PDF(Pubmed)
Abstract:
Immune checkpoint inhibitors (ICIs) activate anti-cancer immunity by blocking T cell checkpoint molecules such as programmed death 1 (PD-1) and cytotoxic T lymphocyte-associated protein 4 (CTLA-4). Although ICIs induce some durable responses in various cancer patients, they also have disadvantages, including low response rates, the potential for severe side effects, and high treatment costs. Therefore, selection of patients who can benefit from ICI treatment is critical, and identification of biomarkers is essential to improve the efficiency of ICIs. In this review, we provide updated information on established predictive biomarkers (tumor programmed death-ligand 1 [PD-L1] expression, DNA mismatch repair deficiency, microsatellite instability high, and tumor mutational burden) and potential biomarkers currently under investigation such as tumor-infiltrated and peripheral lymphocytes, gut microbiome, and signaling pathways related to DNA damage and antigen presentation.

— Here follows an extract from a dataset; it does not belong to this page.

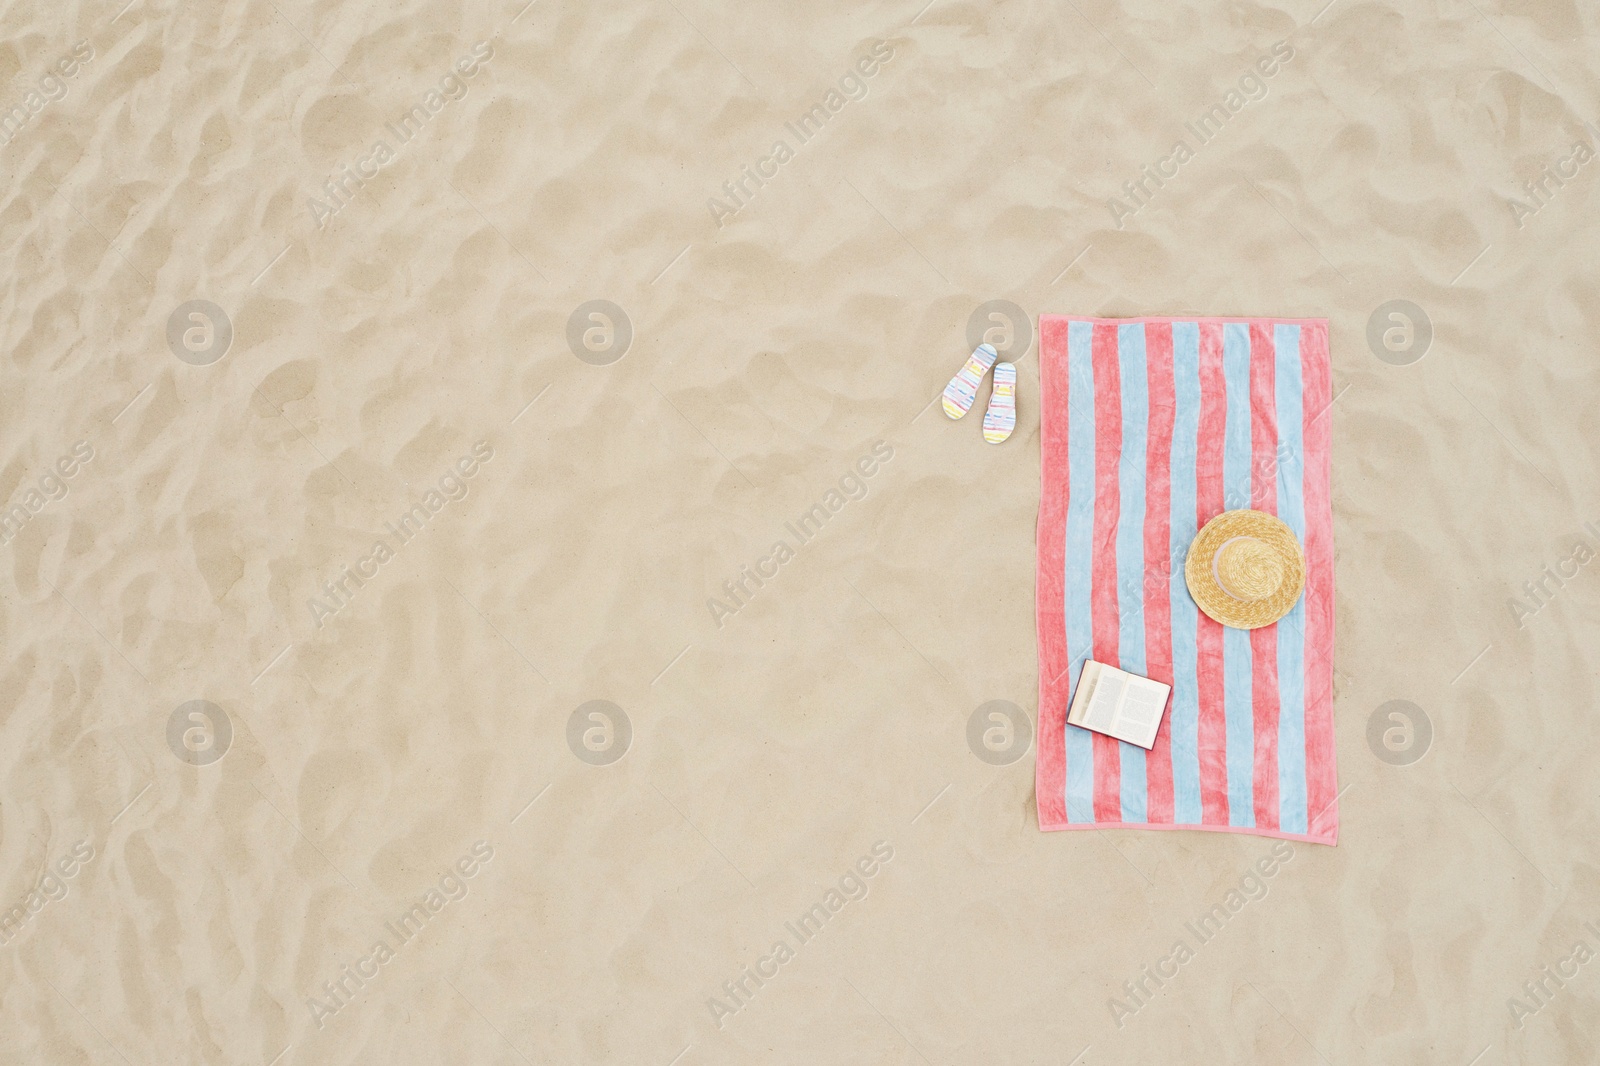 Image of Striped beach towel, book, straw hat and flip flops on sand, aerial view. Space for text

In particular, this review aims to summarize the current knowledge of biomarkers, discuss issues, and further explore future biomarkers.
摘要:
免疫检查点抑制剂(ICIs)通过阻断T细胞检查点分子如程序性死亡1(PD-1)和细胞毒性T淋巴细胞相关蛋白4(CTLA-4)来激活抗癌免疫。尽管ICI在各种癌症患者中诱导了一些持久的反应,它们也有缺点,包括低反应率,潜在的严重副作用,治疗费用高。因此,选择可以从ICI治疗中受益的患者至关重要,生物标志物的识别对于提高ICI的效率至关重要。在这次审查中,我们提供有关已建立的预测性生物标志物的最新信息(肿瘤程序性死亡配体1[PD-L1]表达,DNA错配修复缺陷,微卫星不稳定性高,和肿瘤突变负担)和目前正在研究的潜在生物标志物,如肿瘤浸润和外周淋巴细胞,肠道微生物组,以及与DNA损伤和抗原呈递相关的信号通路。特别是,这篇综述旨在总结生物标志物的最新知识,讨论问题,并进一步探索未来的生物标志物。